Suppose that you would like to visit a farmers' market in Orange County, NC that sells wine, eggs, coffee, and takes credit cards (`Credit`). Use the `farmers_markets` table to produce a new table `shopping_trip` that can help you to succinctly decide where to go.

In [229]:
shopping_trip = farmers_markets.where('County', are.equal_to('Orange')).where('State', are.equal_to('North Carolina')).select("MarketName", "city","County","State", "Wine", "Eggs", "Coffee", "Credit")
shopping_trip

MarketName,city,County,State,Wine,Eggs,Coffee,Credit
Carrboro Farmers' Market,Carrboro,Orange,North Carolina,Y,Y,Y,Y
Eno River Farmers Market in Downtown Hillsborough,Hillsborough,Orange,North Carolina,Y,Y,Y,Y
Hillsborough Farmers Market,Hillsborough,Orange,North Carolina,N,Y,N,Y
Southern Village Farmers Market,Chapel Hill,Orange,North Carolina,N,N,N,N
The Chapel Hill Farmers' Market,Chapel Hill,Orange,North Carolina,Y,Y,Y,Y


**Question 3.2.** 

Which farmers market (or markets) could you choose for this shopping trip based on the table that you constructed in the previous question?

Carrboro Farmers' Market, The Chapel Hill Farmers' Market, and Eno River Farmers Market in Downtown Hillsborough

**Question 3.3.** Use `num_rows` (and arithmetic) to find the *proportion* of farmers' markets in North Carolina that sell wine (`Wine`). Assign `NC_wine_prop` to this proportion

How does this compare the *proportion of* of all farmers' markets in the `farmers_market` table that sell wine? Assign `US_wine` to this proportion

<!--
BEGIN QUESTION
name: q33
-->

In [239]:
NC_wine_prop = farmers_markets.where('State', are.equal_to('North Carolina')).num_rows
US_wine_prop = farmers_markets.num_rows

print("Proportion of North Carolina farmers' markets selling wine:", NC_wine_prop)
print("Proportion of US farmers' markets selling wine:", US_wine_prop)

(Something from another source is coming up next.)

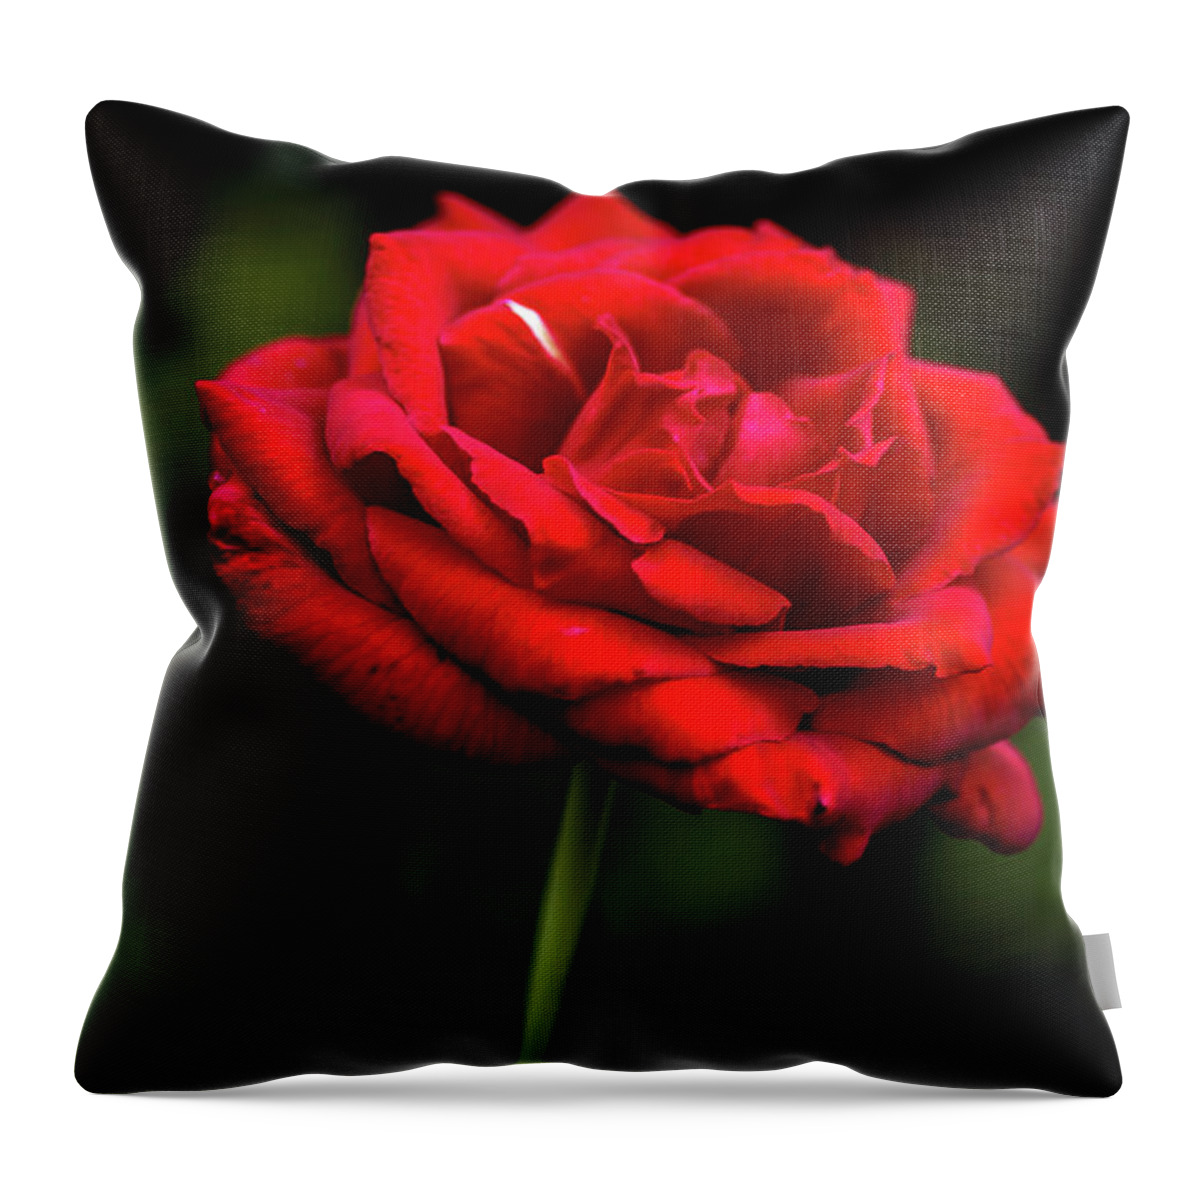 Flower Throw Pillow featuring the digital art Everlasting by Ed Stines
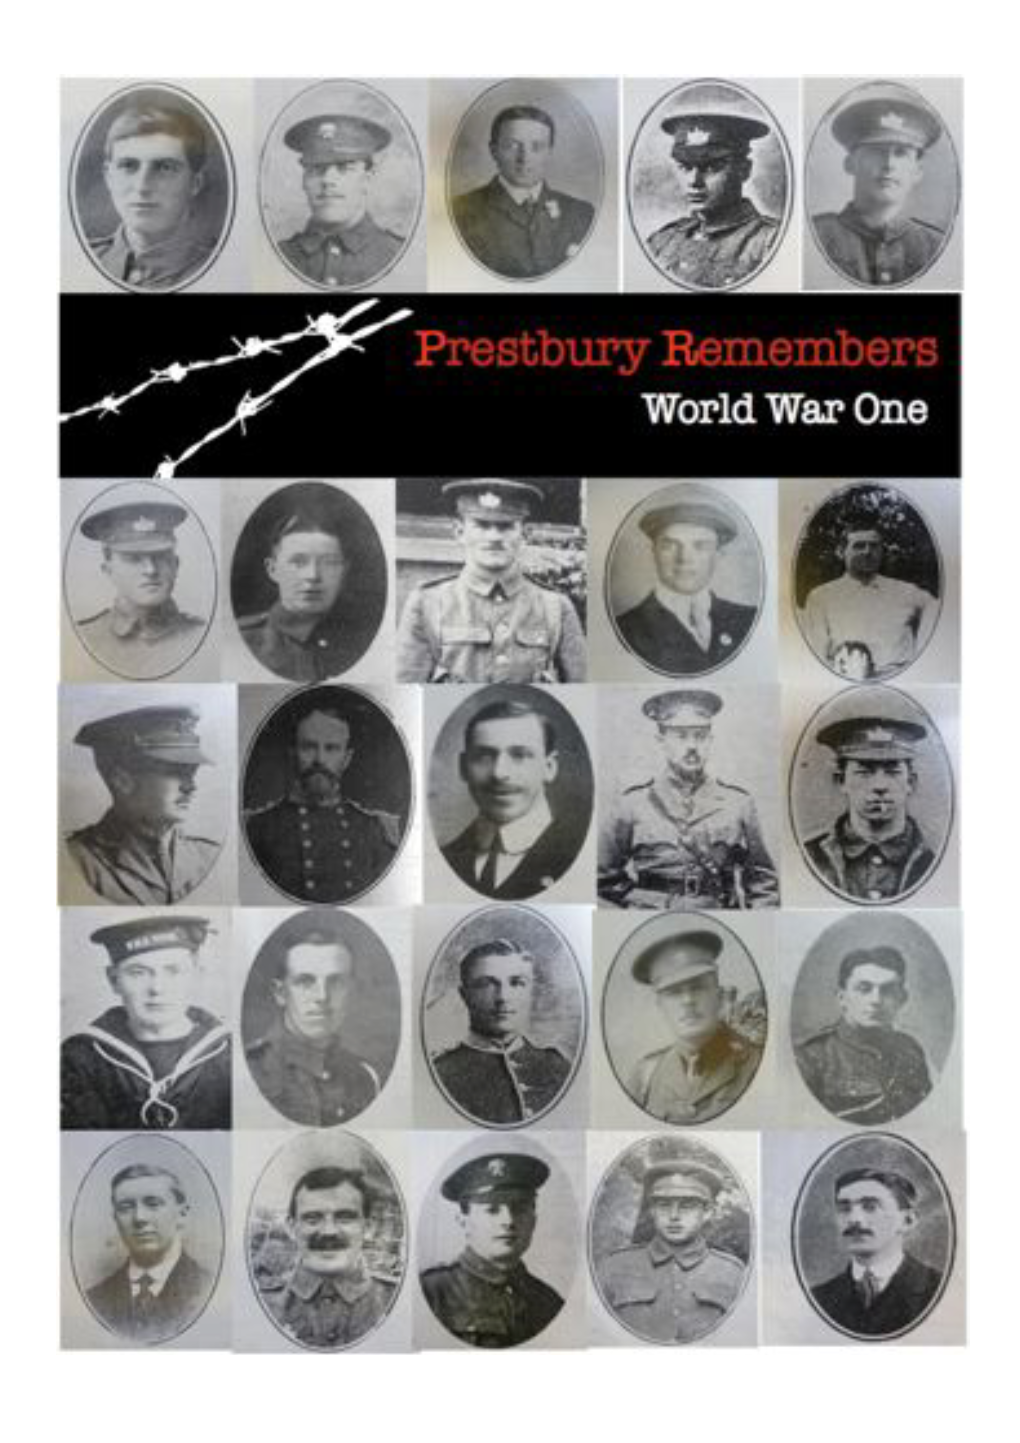 Prestbury Remembers' Was Written by Rebecca Sillence As a Memorial to the Men from Prestbury Who Lost Their Lives During WWI

Proportion of North Carolina farmers' markets selling wine: 252
Proportion of US farmers' markets selling wine: 8546


**Question 3.4.**

Find (guess) a state where the proportion of farmers' markets selling wine is more than double the national average (`US_wine_prop`) and determine this proportion for your chosen state.

In [241]:
Chosen_State = 'California'

In [251]:
Chosen_State_wine_prop = ((farmers_markets.where('State', are.equal_to('California')).num_rows) / (farmers_markets.num_rows)) * 100
print("Proportion of", Chosen_State, "farmers' markets selling wine:", Chosen_State_wine_prop,"%")

Proportion of California farmers' markets selling wine: 8.83454247601217 %


# 4. Text
Programming doesn't just concern numbers. Text is one of the most common data types used in programs. 

Text is represented by a **string value** in Python. The word "string" is a programming term for a sequence of characters. A string might contain a single character, a word, a sentence, or a whole book.

To distinguish text data from actual code, we demarcate strings by putting quotation marks around them. Single quotes (`'`) and double quotes (`"`) are both valid, but the types of opening and closing quotation marks must match. The contents can be any sequence of characters, including numbers and symbols. 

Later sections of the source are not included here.